→ **WHAT NEEDS TO BE DONE**:
All of the data should be given again word for word, though the images are to be left out.

→ **INPUT DATA**:

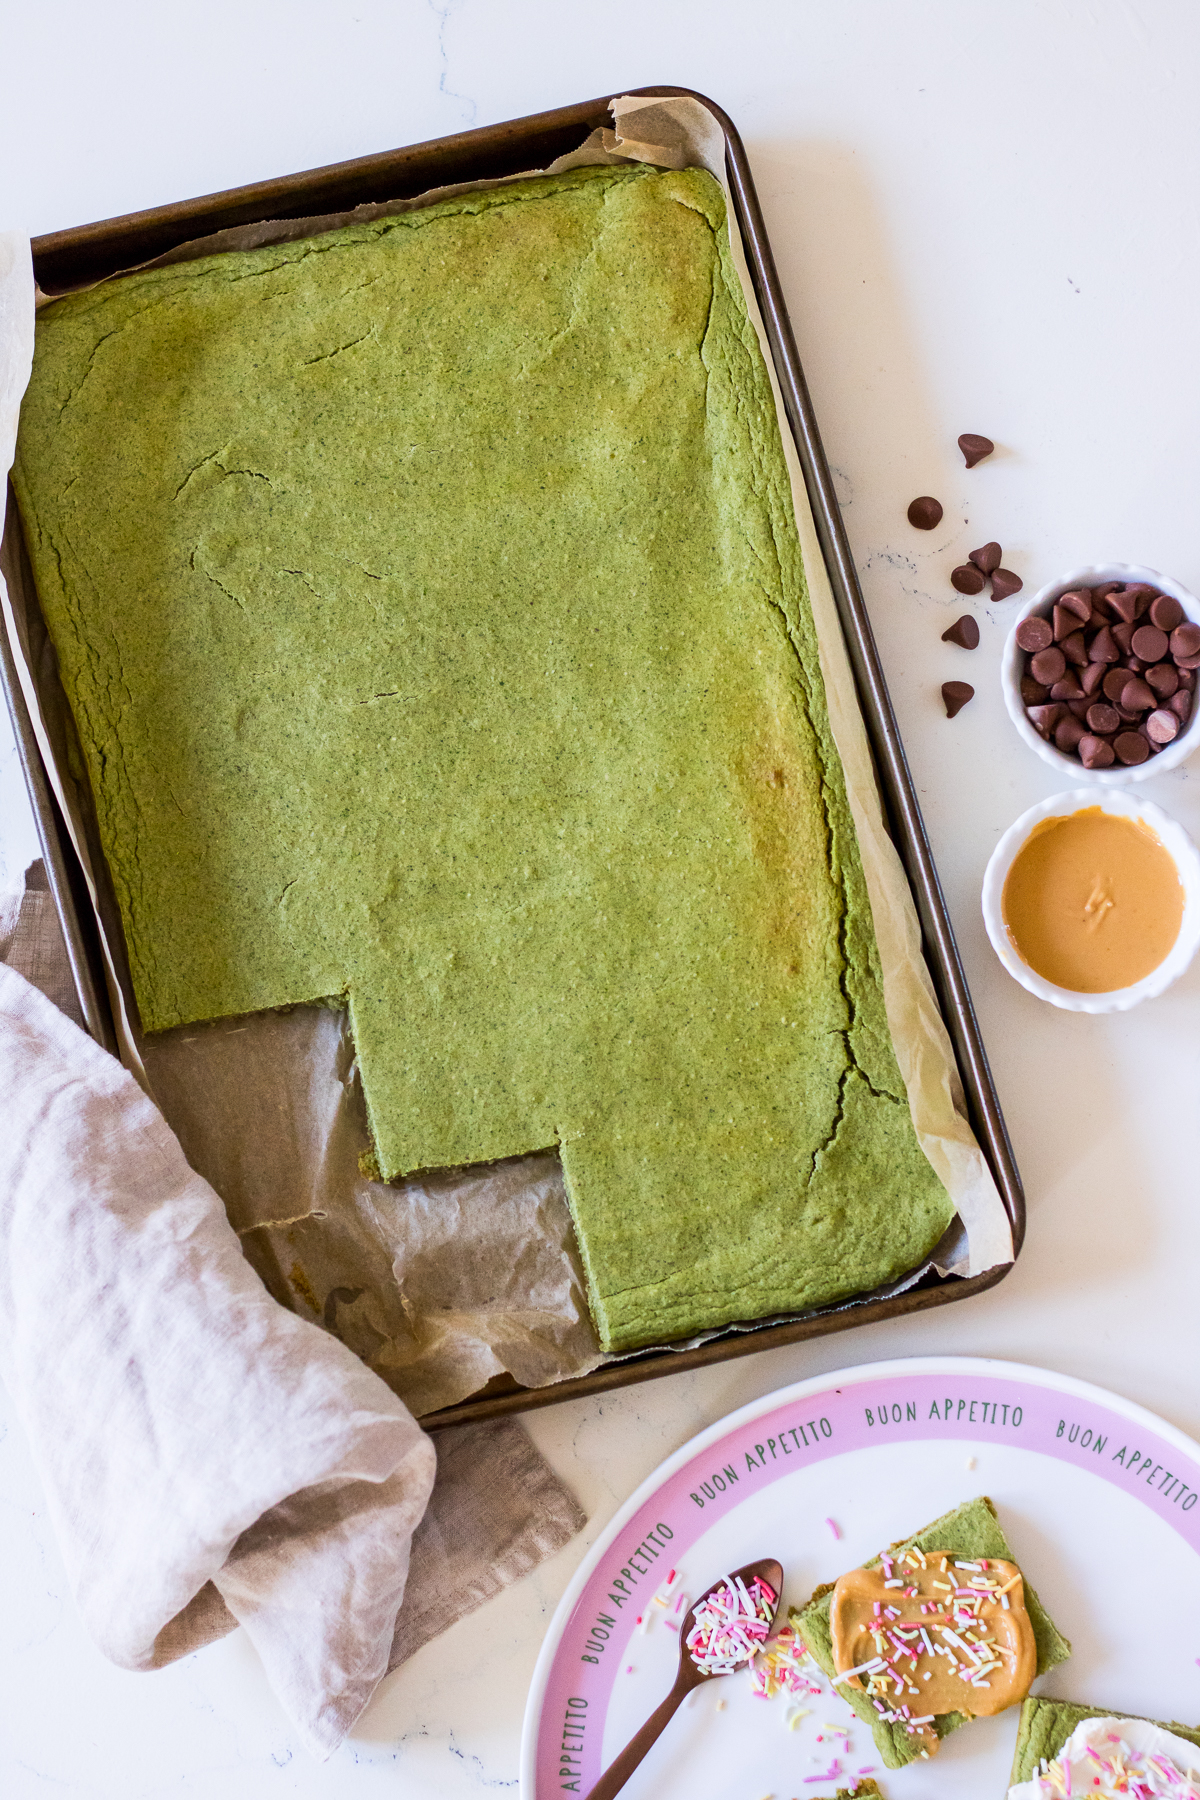 Image of green pancakes baked into a large sheet pan, some cut into square shape with peanut butter and sprinkles
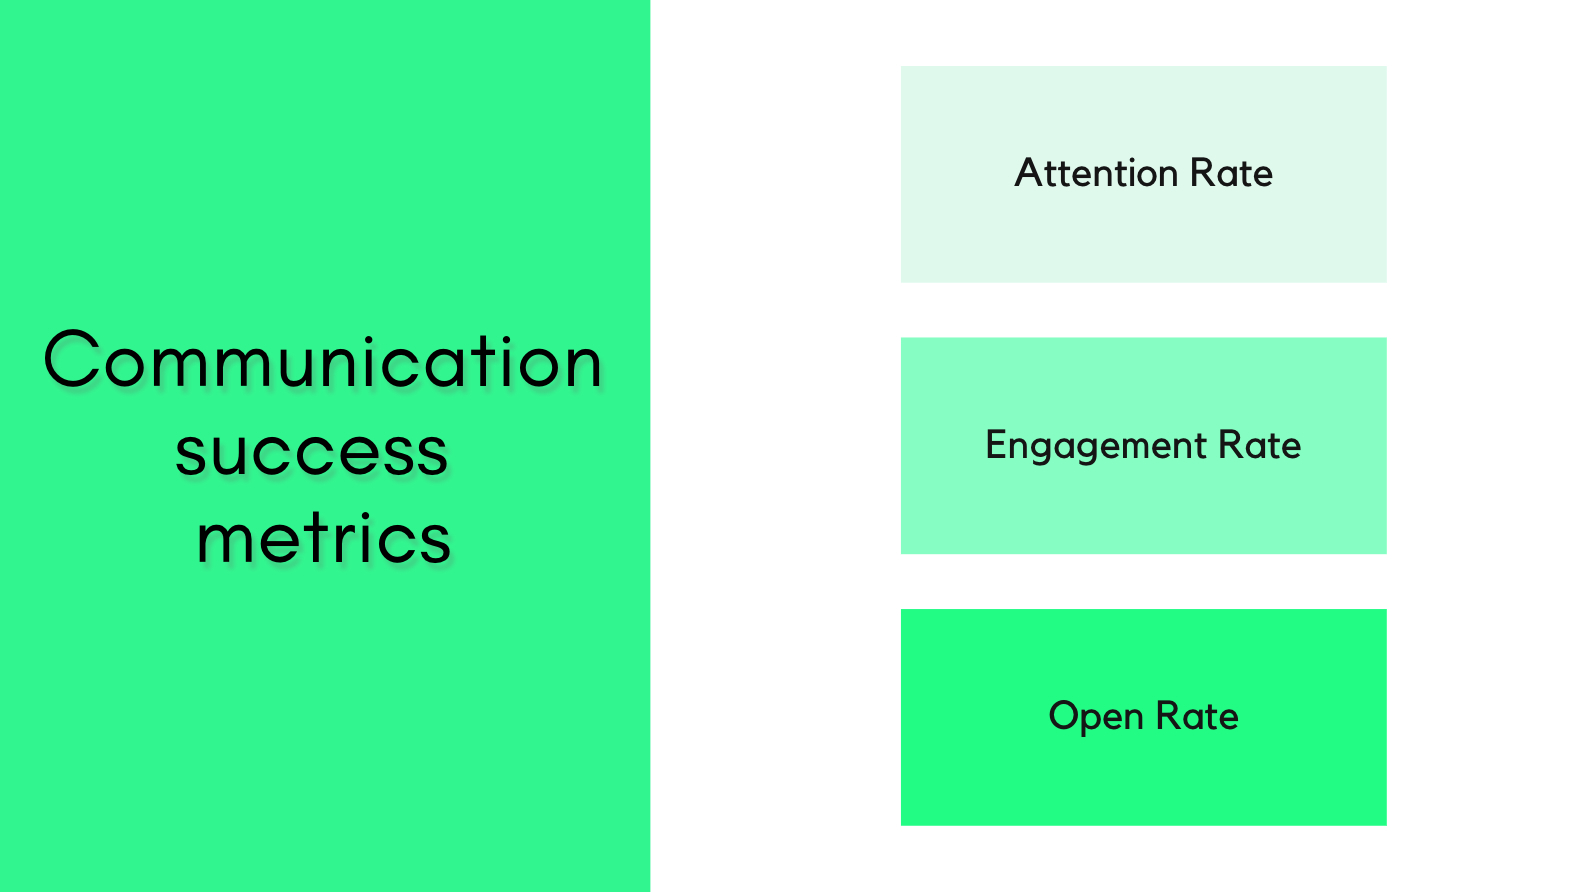 OCMS Portal - Attention, Engagement, and Open rate metrics
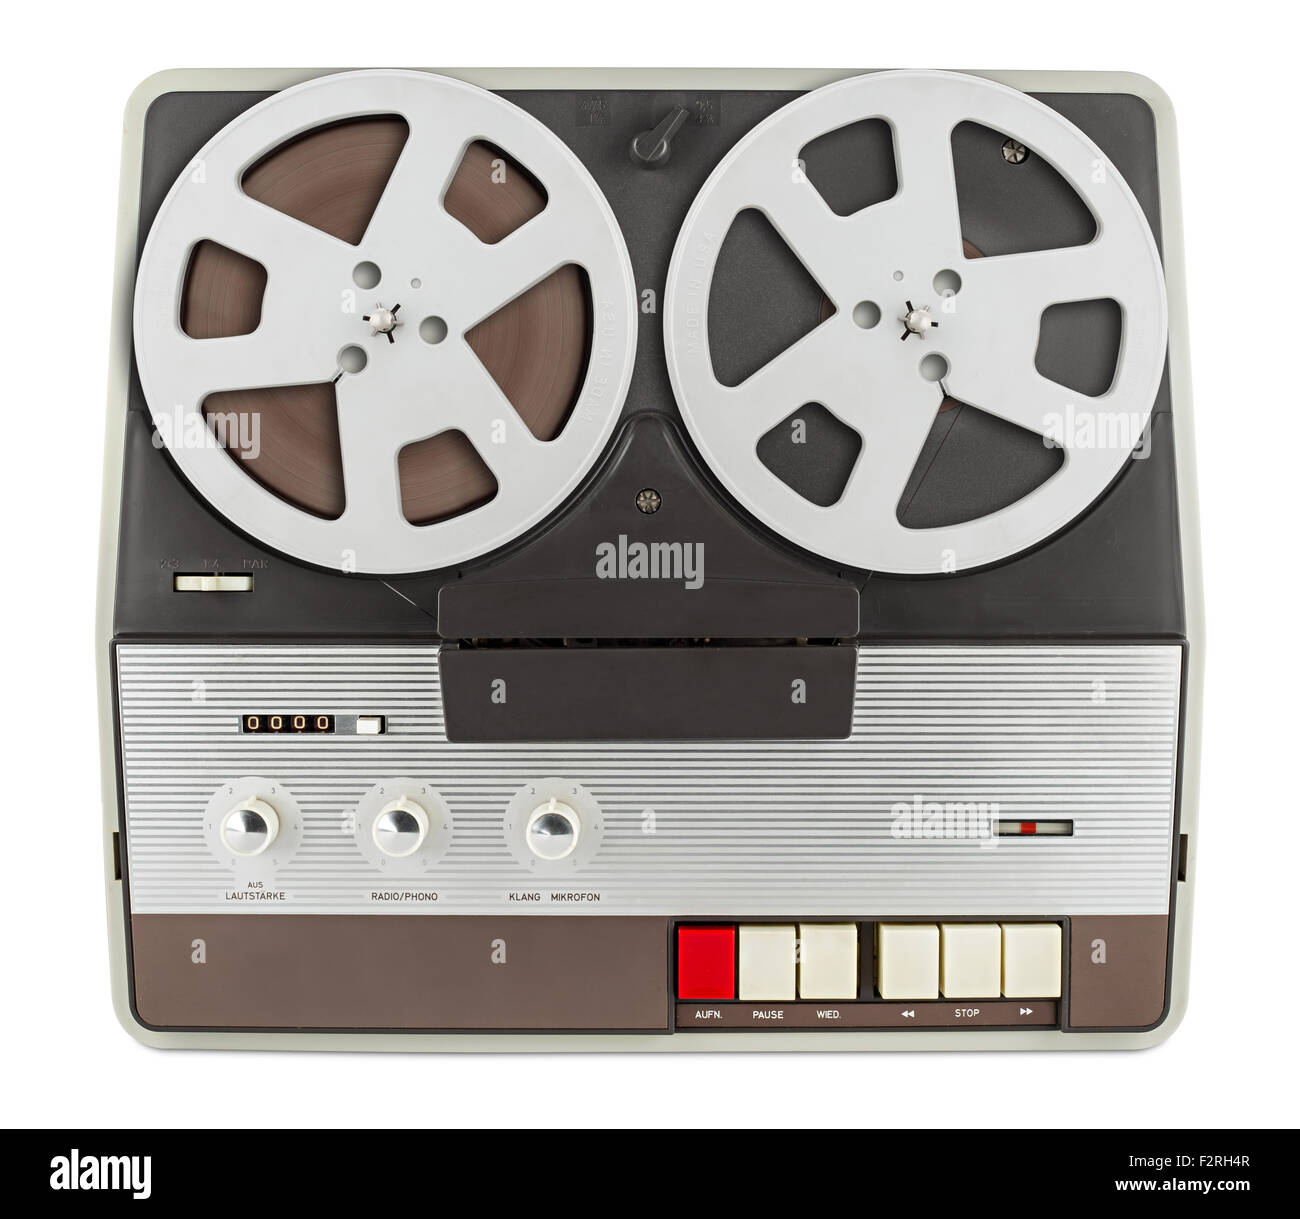 Vintage reel tape recorder icon with retro style for nostalgia design. Reel  to reel audio tape recording. Vector illustration of retro tape recorder  with flat style. Graphic resource of old technology 21021453

→ **TASK OUTPUT**:
 Image of green pancakes baked into a large sheet pan, some cut into square shape with peanut butter and sprinkles
 OCMS Portal - Attention, Engagement, and Open rate metrics
 Vintage reel tape recorder icon with retro style for nostalgia design. Reel  to reel audio tape recording. Vector illustration of retro tape recorder  with flat style. Graphic resource of old technology 21021453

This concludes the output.